Recently, optical privacy protection has emerged as a promising approach for safeguarding visual privacy at the physical acquisition stage. However, existing methods often face a trade-off between privacy strength and human pose recognition accuracy, particularly in long-range and multi-scale scenarios. To address this challenge, we propose a novel adaptive optical privacy-preserving framework that integrates a learnable optical modulation system with a human pose recognition network. The core of our method lies in a sparse-weighted multi-lens model, where a lightweight multilayer perceptron (MLP) predicts a sparse set of coefficients to linearly combine predefined lens phase profiles based on facial region geometry. This enables dynamic control over the point spread function (PSF), adapting the degree of image degradation to subject scale in real time. Additionally, we introduce a privacy-aware loss function that selectively reduces facial localization accuracy while preserving body pose information. Extensive experiments on MSCOCO and FLIC datasets demonstrate that the proposed method achieves a favorable balance between privacy protection and pose estimation, outperforming previous optical- and software-based baselines.

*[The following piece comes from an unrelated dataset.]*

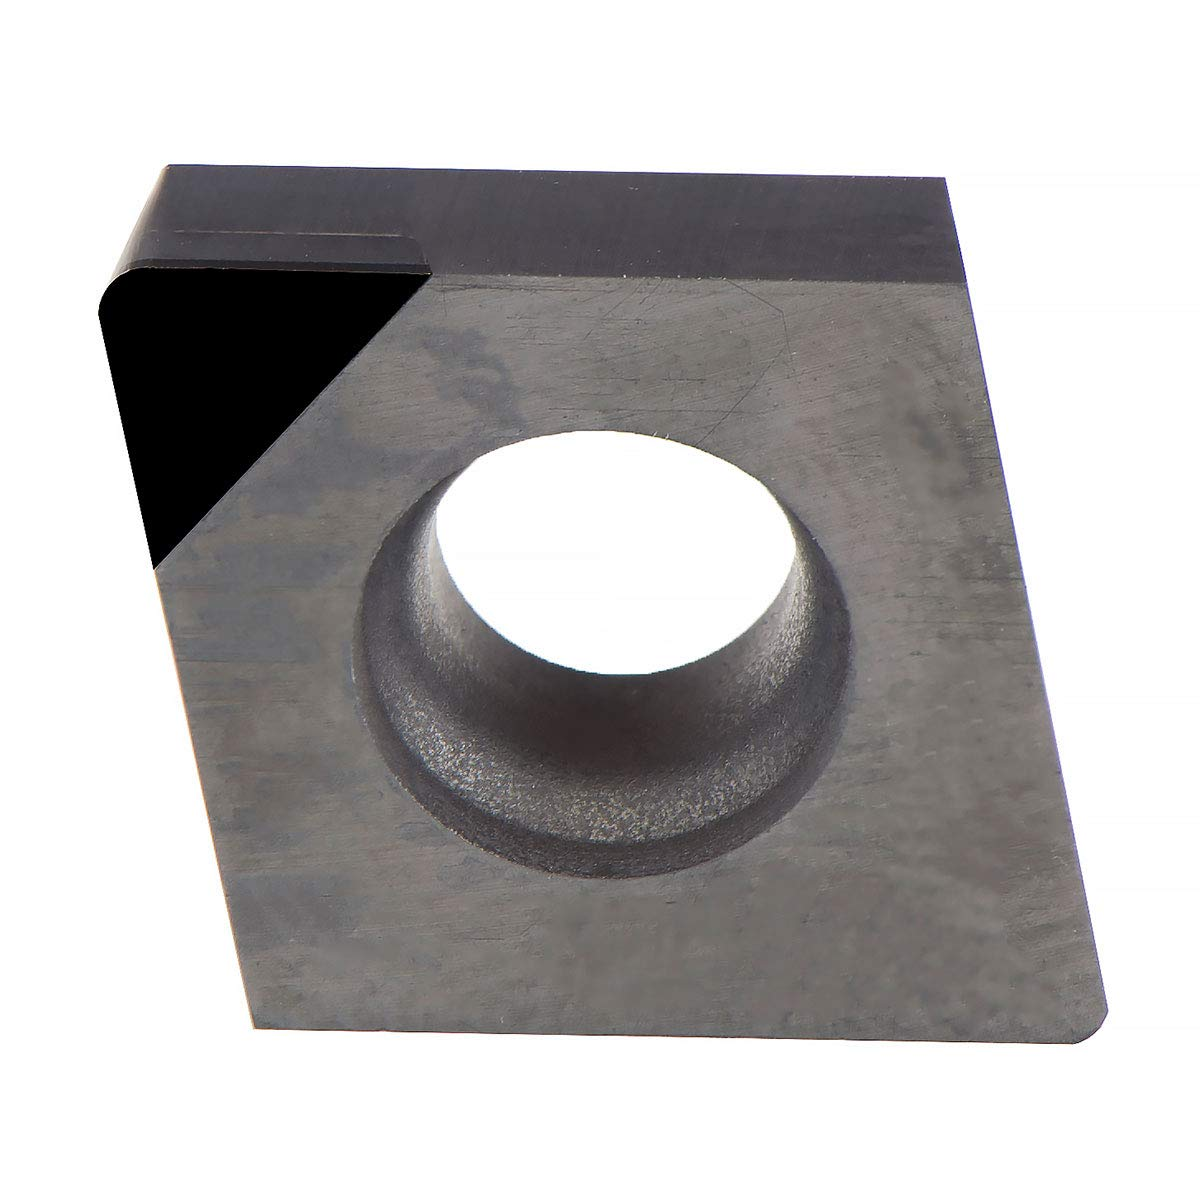 MAXTOOL 2PCs CNMA21.52P2 PCD Tipped Inserts Polycrystalline Diamond Grade 1500 CNMA060208

近年来,光学隐私保护已成为在物理采集阶段保护视觉隐私的一种很有前途的方法。然而,现有的方法往往面临隐私强度和人体姿态识别精度之间的权衡,特别是在远距离和多尺度场景下。为了解决这一挑战,我们提出了一种新的自适应光学隐私保护框架,该框架将可学习的光学调制系统与人体姿态识别网络相结合。该方法的核心在于稀疏加权多透镜模型,其中轻量级多层感知器(MLP)预测一组稀疏系数,以基于面部区域几何形状线性组合预定义的透镜相位轮廓。这使得对点扩散函数(PSF)的动态控制,实时适应图像退化的程度。此外,我们引入了一个隐私感知损失函数,该函数在保留身体姿势信息的同时选择性地降低了面部定位的准确性。在MSCOCO和FLIC数据集上的大量实验表明,该方法在隐私保护和姿态估计之间取得了良好的平衡,优于以前基于光学和软件的基线。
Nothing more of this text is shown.